Rachel Rasmussen

Personal information
- Born: 5 June 1984 (age 42) Auckland, New Zealand
- Height: 1.83 m (6 ft 0 in)
- Relative: Grace Rasmussen (sister)
- School: Avondale College

Netball career
- Playing positions: GK, GD
- Years: Club team / Apps
- 2000–07: Auckland Diamonds
- 2008–09: Northern Mystics / 26
- 2010: Central Pulse (TRP)
- 2011: Northern Mystics
- Years: National team / Caps
- 2003, 2019: Samoa
- 2010: New Zealand

Medal record
Representing New Zealand
World Netball Series
| Gold medal – first place | 2010 Liverpool | Fastnet |

= Rachel Rasmussen =

New Zealand and Samoan netball player

Rachel Rasmussen (born 5 June 1984 in Auckland, New Zealand) is a New Zealand netball player of Samoan descent who plays in the position of goal defense and goal keeper. She has represented both New Zealand and Samoa at the international level. Rasmussen was signed with the Auckland Diamonds in the Coca-Cola Cup (later the National Bank Cup) in 2000, continuing with the side until the competition's end in 2007. With the start of the ANZ Championship in 2008, she remained in Auckland with the new Northern Mystics side, alongside her sister Grace. She played two years with the Mystics, but was not signed on for 2010. However, she received a callup to the Wellington-based Central Pulse as a temporary replacement player for injured defender Katrina Grant.

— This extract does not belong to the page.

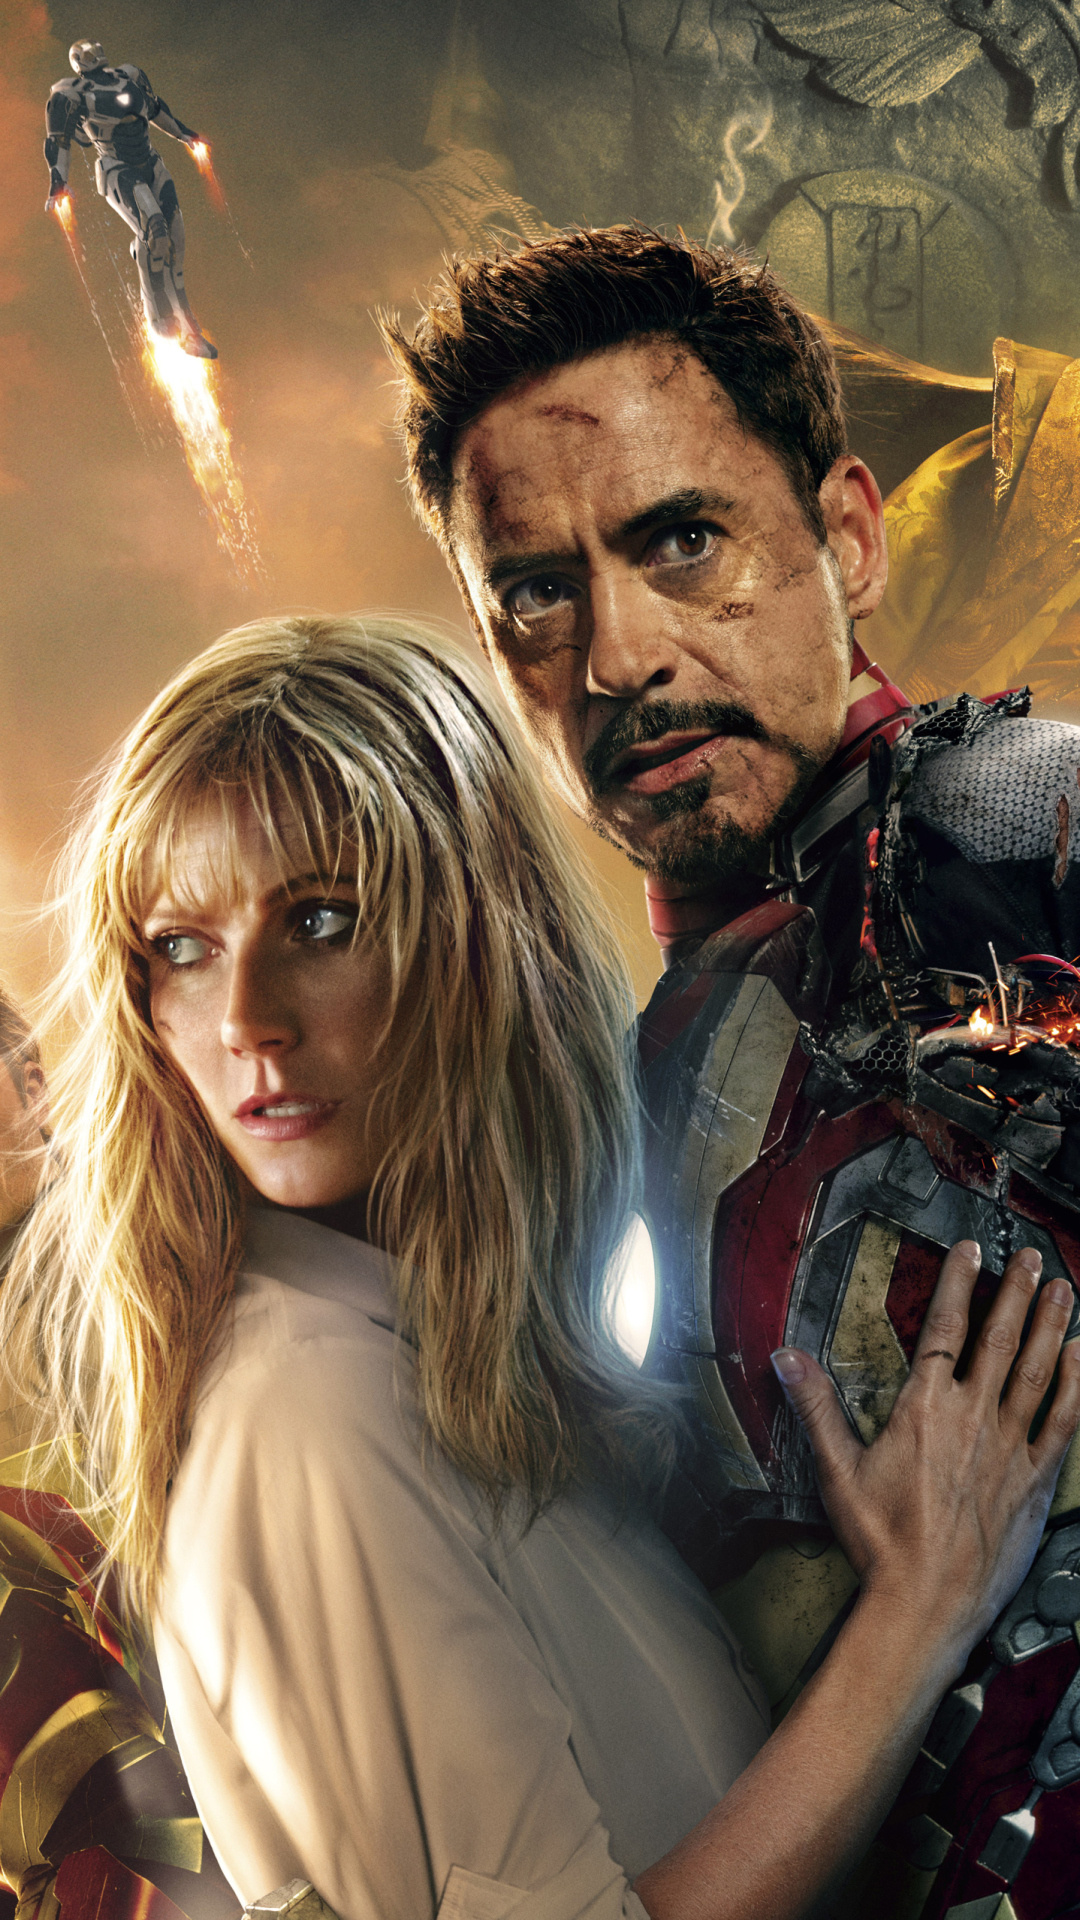 Robert Downey Jr.: Iron Man 3 character, Tony Stark, A genius inventor and billionaire industrialist. 1080x1920 Full HD Wallpaper.

In international netball, Rasmussen played with New Zealand U21 at the World Youth Netball Championships, winning silver in 2000 and gold in 2005. She has also represented Samoa at international level, playing in the 2003 Netball World Championships. She was again selected to represent New Zealand at the 2010 World Netball Series with younger sister Grace.

She has signed on with the Southern Steel for the 2013 season.

She again represented Samoa at the 2019 Netball World Cup after 16 years.